Le lait maternel est considéré comme assurant une très bonne protection du nourrisson contre le rotavirus pendant toute la durée d’un allaitement intégral. Malheureusement, le taux d’allaitement reste trop faible en France, constate le CSHPF. Il estime que si nous faisions aussi bien que la Norvège où plus de 40% des enfants sont encore allaités à l’âge de neuf mois, nous pourrions éviter 8000 cas de diarrhées et 1000 hospitalisations par an.
Un vaccin trop cher
Le rapport coût-efficacité chez le nourrisson a été étudié par l’InVS avec l’appui du Centre Hospitalier de Tourcoing. La modélisation réalisée indique qu’avec une couverture vaccinale de 75% le vaccin permettrait d’éviter 89 000 cas de diarrhée aiguë, 10 500 hospitalisations et 8 décès par an chez les enfants de moins de 3 ans. L’ensemble des doses vaccinales coûte 150 euros. En ajoutant au coût de la vaccination le coût des cas non évités par elle, la charge financière est évaluée à 95 millions d’euros, soit un surcoût de 68 millions d’euros par rapport aux dépenses actuelles pour la prise en charge des cas. L’étude conclut qu’à moins de réduire de façon importante le coût du vaccin cette stratégie a un rapport coût-efficacité peu favorable.

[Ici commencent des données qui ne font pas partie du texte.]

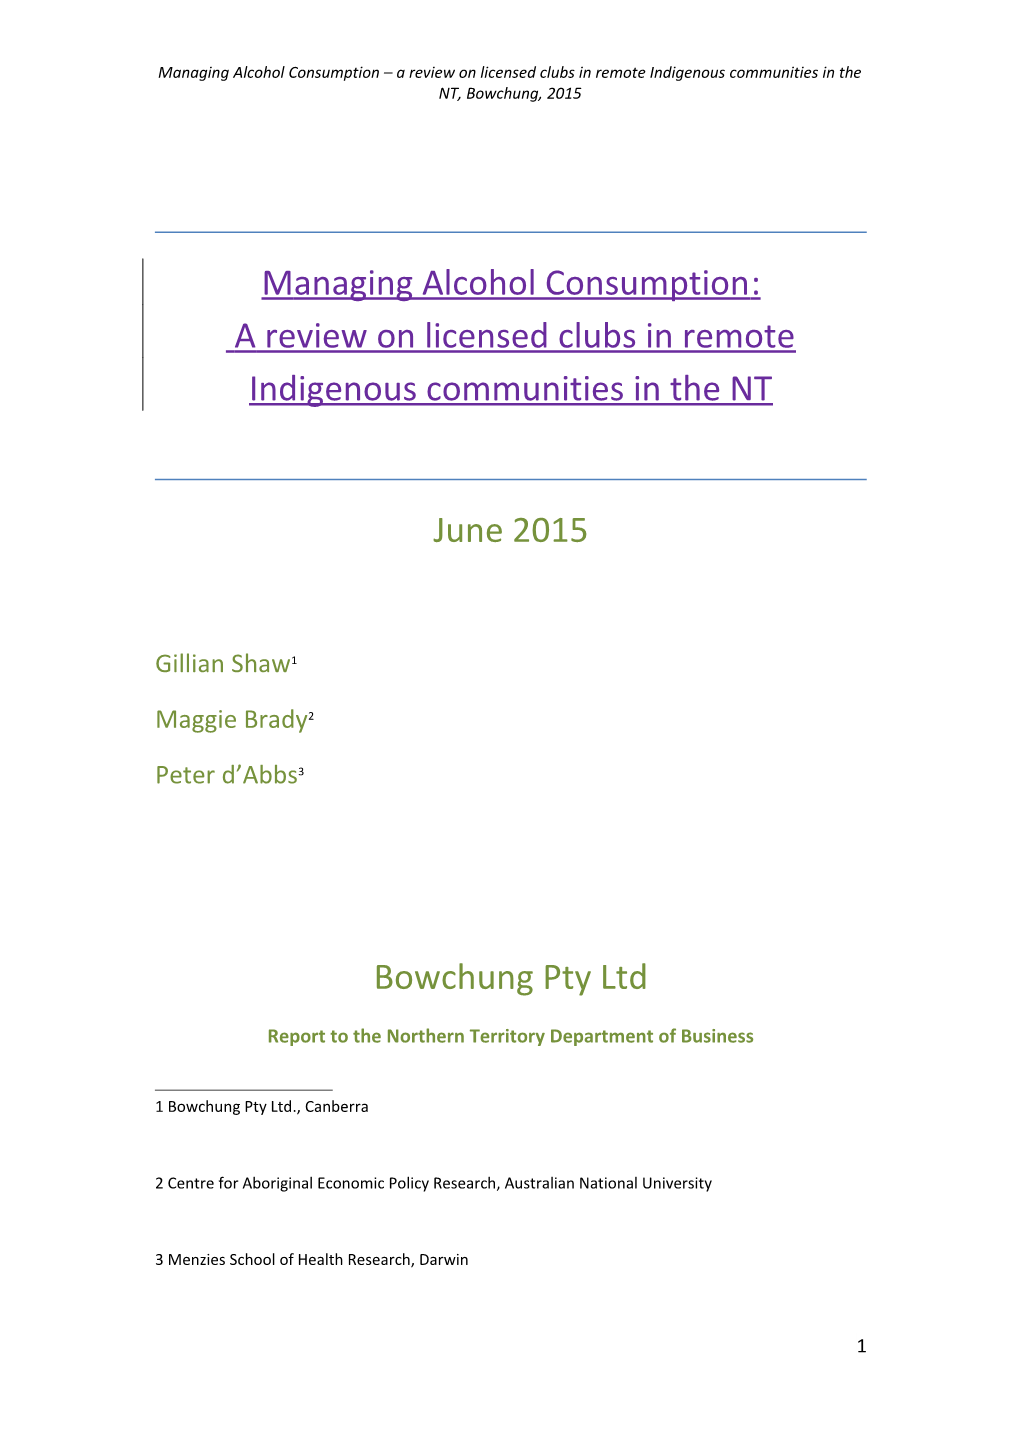 Managing Alcohol Consumption a Review on Licensed Clubs in Remote Indigenous Communities

Plutôt réhydrater que vacciner
Aussi, la recommandation du CSHPF dans son avis du 5/12/2006 recommande de différer la vaccination systématique des enfants de moins de 6 mois mais d’assurer la prise en charge optimale des gastro-entérites aiguës dont le financement devra être prévu, la réhydratation orale, la réalimentation dans les premières heures.

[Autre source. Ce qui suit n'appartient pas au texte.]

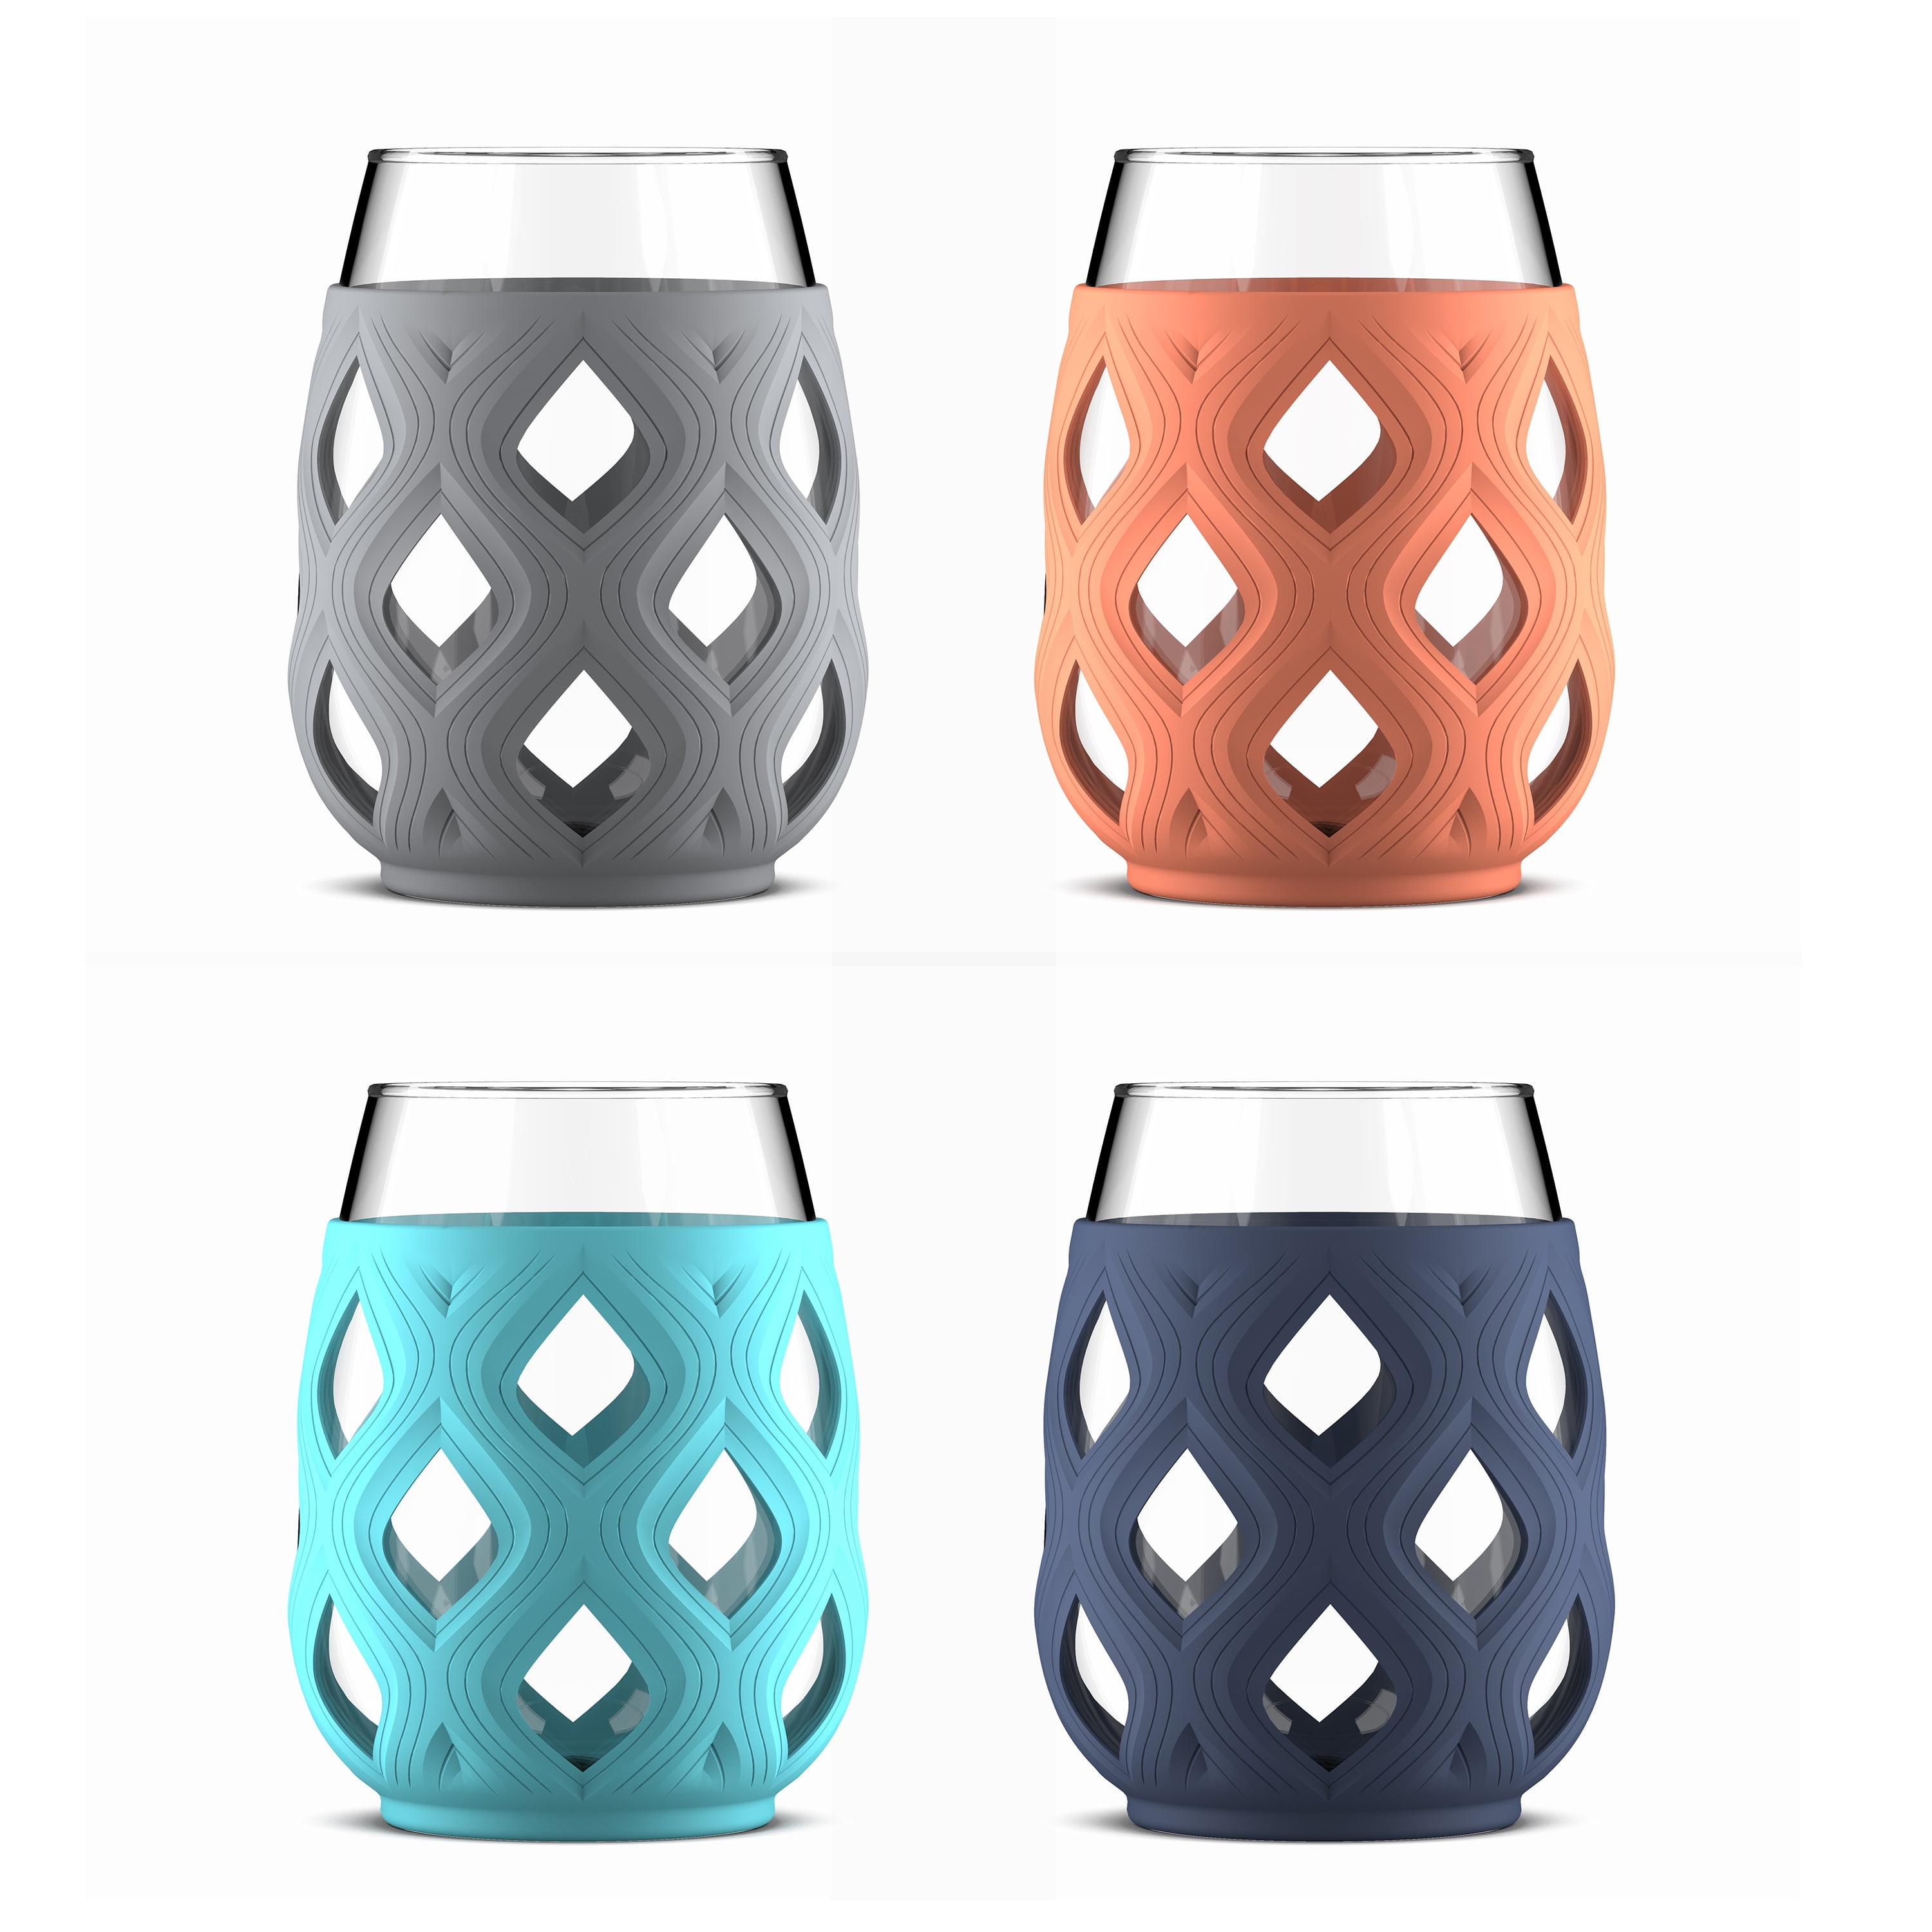 Ello Cru 17oz Stemless Wine Glass Set with Protective Silicone Sleeves, 4  Pack Cocktail Glass for Mother's Day Gift

Il recommande aussi d’améliorer les conditions d’hospitalisation
pour limiter le risque nosocomial ainsi que le temps d’attente des nourrissons
chez les médecins libéraux.
Effets indésirables individuels et épidémiologiques
Ils sont sans doute encore mal connus puisque le CSHPF recommande, avant d’envisager la recommandation systématique, d’avoir un recul suffisant sur les effets indésirables éventuels d’une vaccination de masse qui est actuellement proposée aux USA, au Venezuela, au Brésil, à Panama et en Autriche. Il recommande aussi d’avoir des données sur l’évolution écologique des rotavirus à la suite de la mise en place de cette vaccination généralisée.
Faire échec à la transmission
La transmission se fait en consommant de la nourriture ou des boissons contaminées ou lorsqu’on entre en contact avec les selles ou vomissements d’une personne malade et qu’ensuite on prépare un repas sans s’être lavé soigneusement les mains. Elle peut se faire directement de personne à personne ou par le relais de jouets, d’objets ou de surfaces contaminés.
Constatons une fois de plus que la lutte contre une maladie ne demande pas forcément de devenir résistant à la contamination par un moyen ou un autre (vaccin ou lait maternel par exemple) mais de s’efforcer aussi et peut-être d’abord et surtout, de réduire les risques de transmission en sachant comment elle se produit le plus souvent. Il ne faut pas oublier que la seule maladie humaine ayant été éradiquée, la variole, le fut davantage en réduisant les contaminations par l’isolement des malades et des contacts qu’en rendant les individus résistants par la vaccination (voir l’article catégorie variole). Il en va de même chez l’animal pour la tuberculose, la fièvre aphteuse etc.